At Altas Technologies we build robust, fully automated systems to predict and trade cryptocurrency markets and are in the process of extending our trading capabilities from crypto to global equity markets. You’ll join at a very exciting time in the growth of the team, and will be able to contribute to our success in scaling the strategy beyond crypto to the equities markets. As a technology-oriented and scientifically-minded group, we design and build our own cutting-edge systems, from high-performance trading platforms to large-scale data analysis and research infrastructure.

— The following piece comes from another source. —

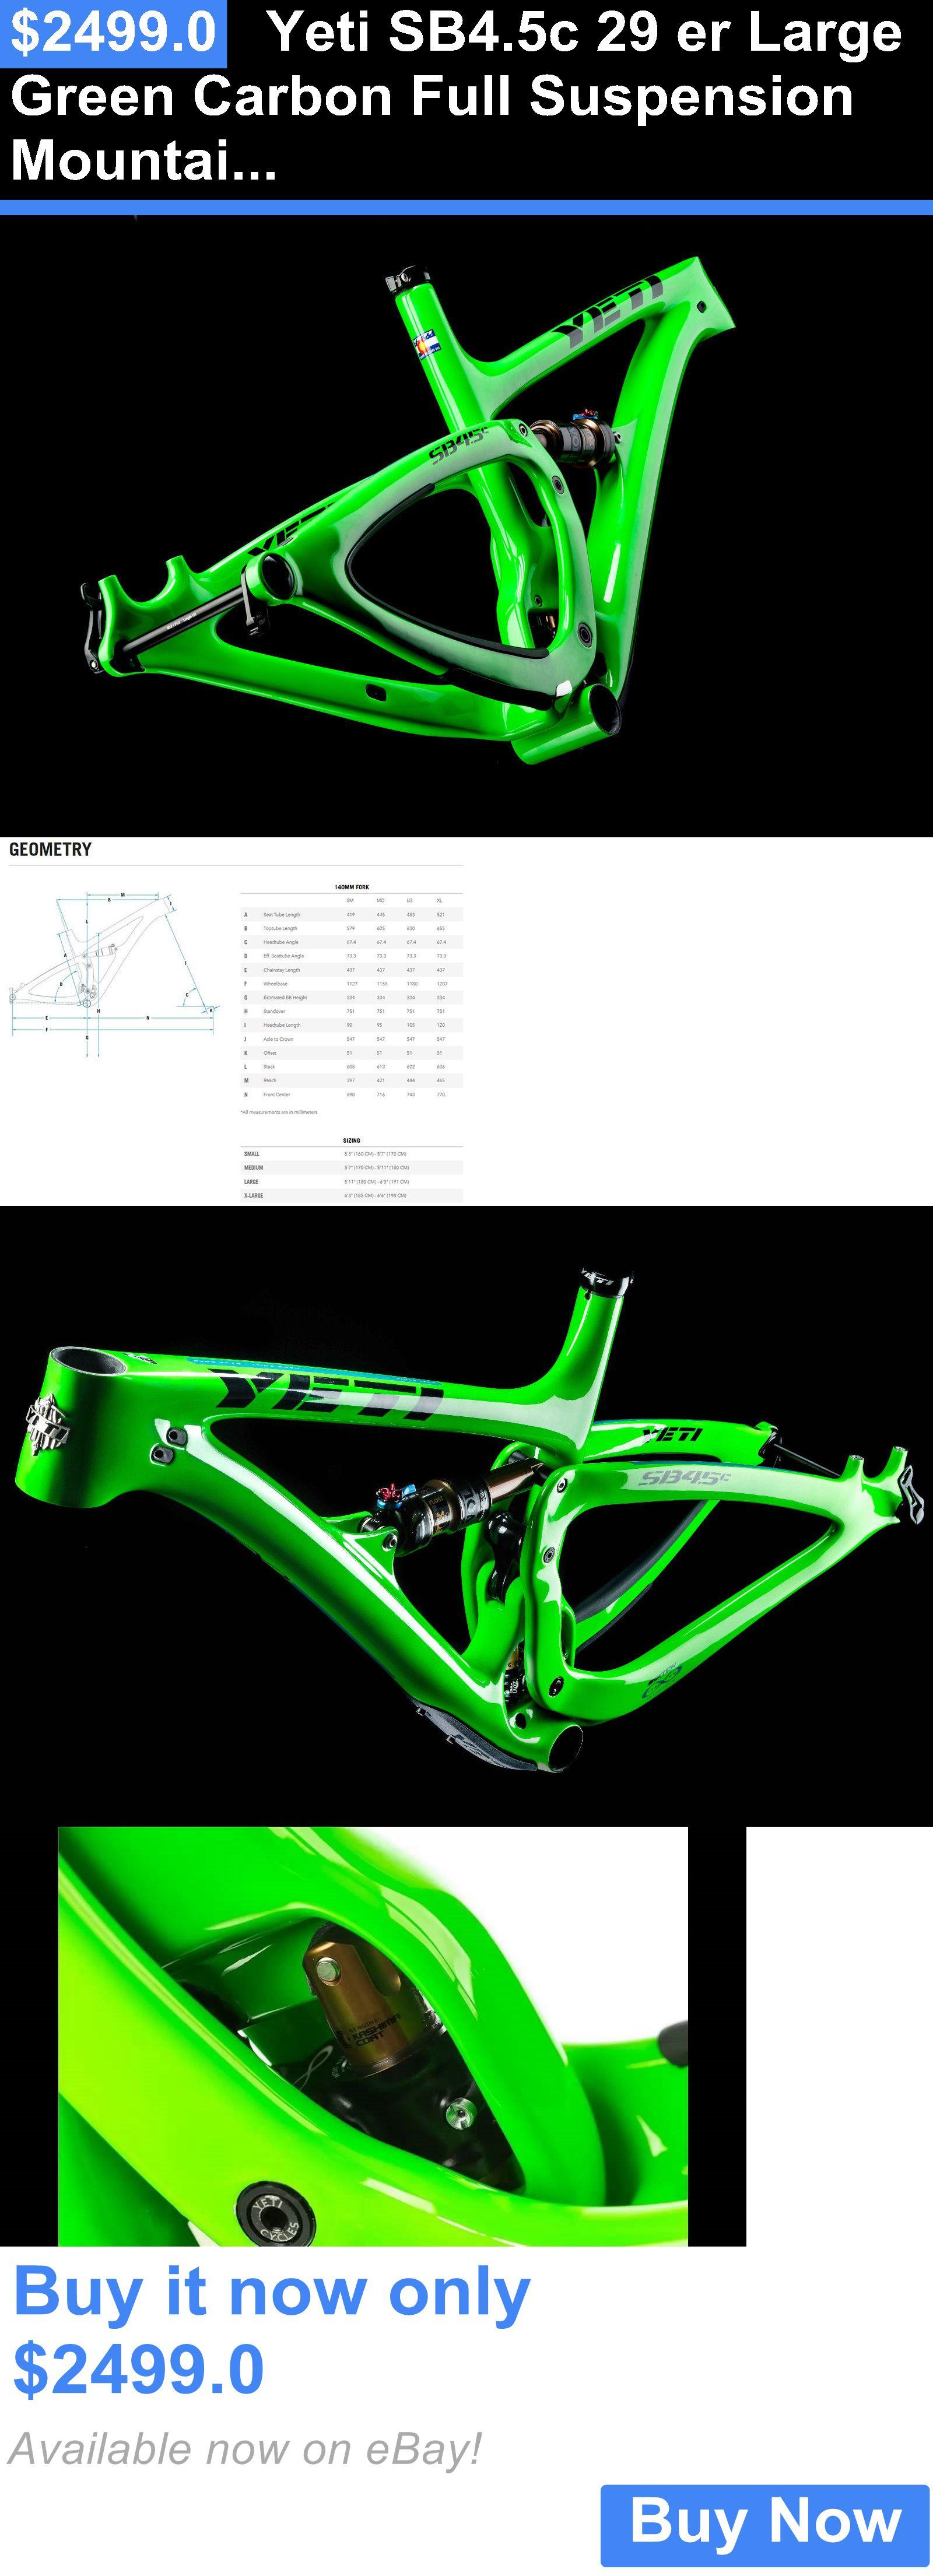 Bicycle Parts Yeti Sb4 5c 29 Er Large Green Carbon Full

Your Core Responsibilities
As a Quantitative Researcher, you will be operating as a senior and core member of our high-performance, dedicated, multi-disciplinary team, with a background in Mathematics, Physics, Computer Science, Robotics, Data Science, Engineering, Statistics. The one thing we all have in common, regardless of our individual backgrounds, is a creative and scientific mindset.
You will not get a lot of top-down instruction telling you exactly what to do and when to do it. You'll get directional advice, useful frameworks, access to interesting challenges, and plenty of freedom to execute as you see fit. We are meritocratic by nature and believe that empowering talent in our organization is the only way to achieve our highly ambitious goals.

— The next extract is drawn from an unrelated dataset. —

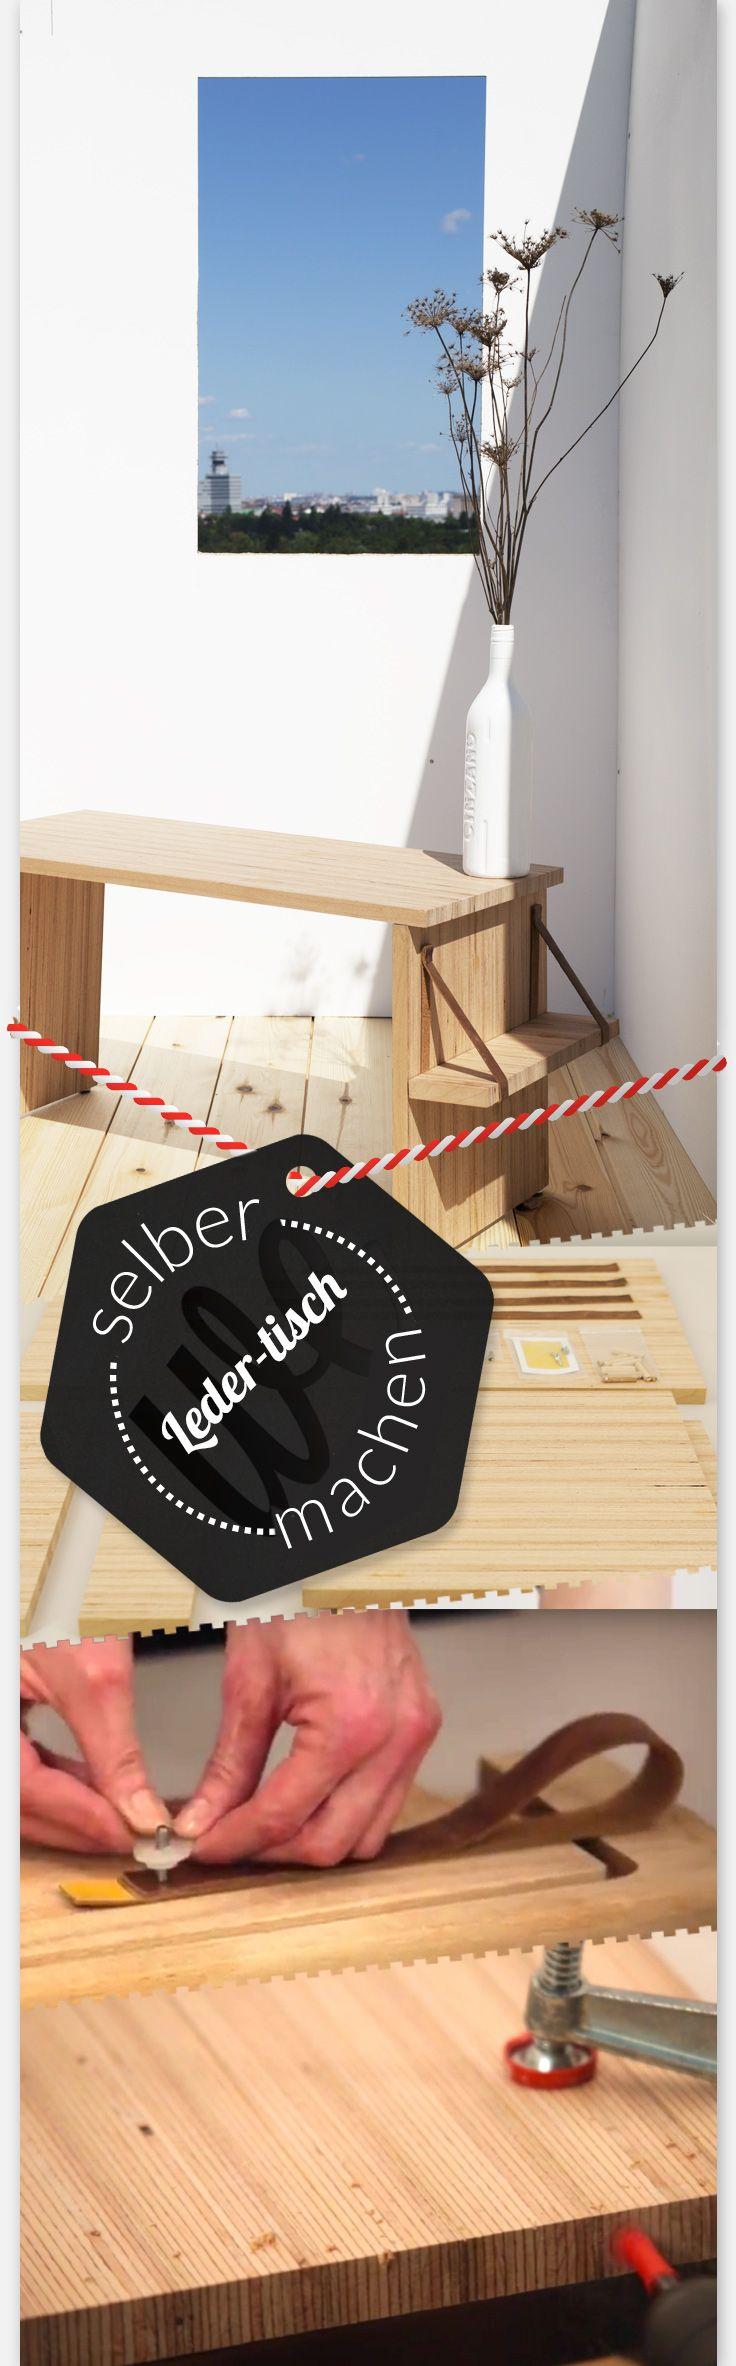 SCHNIEKE – Das Möbel-Gericht für Elegante: DIY Couchtisch aus hochwertigem Holz und Lederriemen. Ganz einfach zum nachbauen mit Schritt-für-Schritt Videoanleitung. Alle Materialien bekommst Du als Bausatz nach Hause geliefert.  Selber bauen so einfach wie kochen! Jetzt bestellen

We are looking for a creative scientifically minded individual who can lead the growth of the firm’s quant research to improve prediction quality in delta 1 mid-frequency (intraday) trading context. You’ll make a real impact on our alpha generation, feature modelling, machine learning ensembles, alternative data research, and R&D quality standards generally.

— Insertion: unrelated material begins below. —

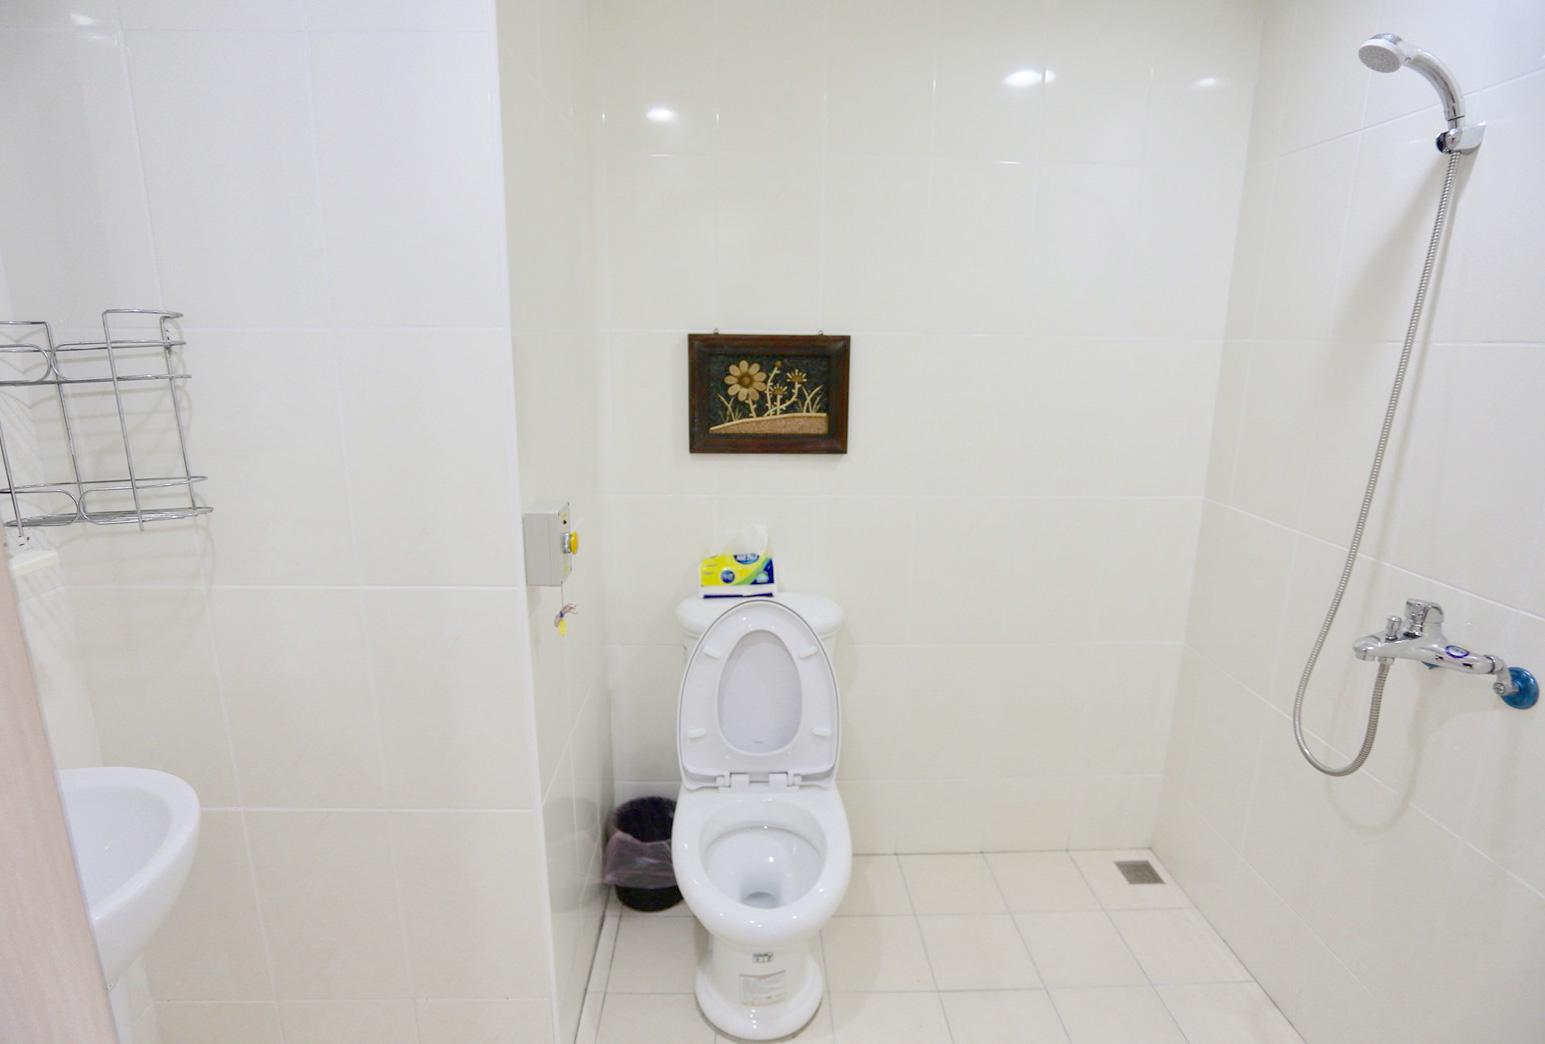 新北市私立尚樂老人長期照顧中心(養護型)-浴室

- You will work together with other quants on alpha generation, feature modelling, portfolio optimization, and extracting predictive signals from public feed and alternative data more generally. More specifically, developing orthogonal alphas across multiple categories.
- Develop and improve sampling-, weighting-, cost-, target-, hyperparameters- and (network) architecture functions for model trainin
- Develop ML/network architectures (MLP, CNN, GNN) for custom prediction problems in trading, including data representations
- An advanced degree with excellent grades in Mathematics, Physics, Computer Science, Data Science, Engineering, Statistics or any other highly quantitative field
- Experience as Researcher in (mid-frequency / intraday) D1 predictive modelling, developing orthogonal features across multiple categories in statistical arbitrage context.
- Significant practical experience with at least one mainstream ML (XGB, (C/R)NN, LSTM, RF, …) approach to improve prediction quality in a trading context, being aware of all ways one can overfit in the process. Solid knowledge of probability, (Bayesian) statistics, (non-convex) optimization, and mathematical modeling more generally
- Experience extracting predictive signals (alphas) from both public feed and alternative data.
- Scientific mindset with experience in numerical programming with Python. Detail oriented and highly structured, using a rigorous process to ensure your results are reliable and well tested
- Serious about clean code, simple but well-architected systems, and continuous improvement
- Sense of ownership taking full responsibility and accountability for your contributions
- Technical accomplishments are considered a plus: Kaggle, Hackathons, Olympiads, academic publications in e.g. NeurIPS, ICML.